Does religious exemption statute allow prisoner unmonitored ‘confession’ with his brother (a church elder)?

From Merrick v. Penzone (Arizona Court of Appeals, May 23):

Merrick alleges that, as a member of the Fundamental American Christian Temple, he must participate in confession and seek spiritual advice and guidance only from church elders or other members. While incarcerated at a jail facility operated by the Maricopa County Sheriff’s Office (“MCSO”), Merrick requested unmonitored, unrecorded telephone calls with his brother in Oklahoma, whom he asserted was a church elder.

Jail officials responded that Merrick could have unmonitored personal visits from clergy, write to members of his church, or participate in confession with jail clergy of other denominations. Merrick rejected these options, stating, “[t]here is no faith group in Arizona at this time that is the same faith as mine.”

Merrick sued under the Arizona equivalent of the federal Religious Freedom Restoration Act, and the court of appeals let his case go forward. First, the court concluded that the policy would substantially burden Merrick’s religious practice, if he could persuade the fact-finder that he sincerely described his religious beliefs:

[The trial] court found disputed issues of fact as to the sincerity of Merrick’s religious beliefs and whether his requests were motivated by his religious beliefs. If such factual questions are resolved in Merrick’s favor, then, at the very least, there are questions of fact about whether Defendants substantially burdened his exercise of religion. The relevant inquiry under FERA is whether the government substantially burdened the exercise of religion, not whether Merrick remained free to engage in alternative religious activities. The record includes tenets of Merrick’s asserted faith, including the belief that “communications between members are sacred and meant to be private between them. Communications must not be revealed to non-members, unless consented to by the members involved.”

And the court concluded that, under the state law, the exemption had to be granted unless the government could show that it had no other way of protecting prison security short of refusing the confidential telephone confessions:

To establish that monitoring or recording telephonic religious counseling and confession sessions is the least restrictive means of achieving the government’s compelling interest in jail security, Defendants must demonstrate that “proposed alternatives for achieving the State’s compelling interest are ineffective or impractical.” … Defendants did not address Merrick’s facially-colorable assertion that they could “satisfy any security concerns by having inmates follow the policies in place for calling attorneys or ‘legal calls,’” beyond stating that such a policy is not “plausible.”

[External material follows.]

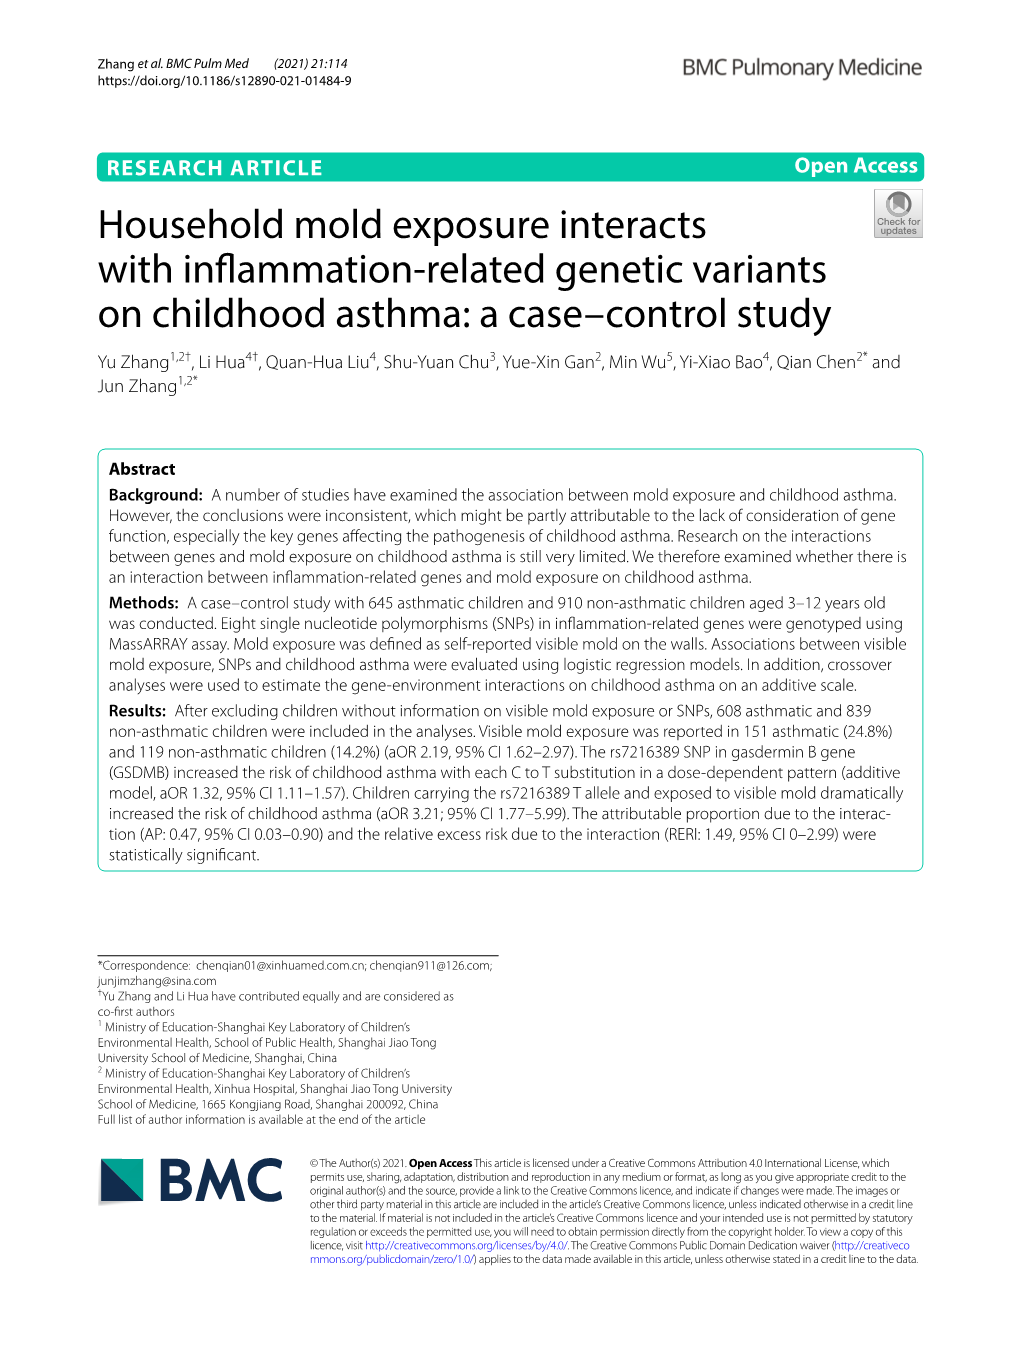 Household Mold Exposure Interacts with Inflammation-Related Genetic

Treating inmates’ religious telephone calls in the same manner as legal calls may not be a plausible alternative. [Footnote: The question before us is not whether Merrick personally poses a security risk. We note, however, that MCSO’s policies would appear to permit Defendants to restrict or withhold religious activities through an “override report” if an inmate or religious representative adversely affects “jail order or security.”] The problem is that nothing in the record establishes this…. Based on additional motion practice and/or evidence on remand, Defendants may be able to satisfy the “exceptionally demanding” least-restrictive-means standard. But they have not yet done so….

We vacate the entry of summary judgment in favor of Defendants and remand for further proceedings consistent with this decision.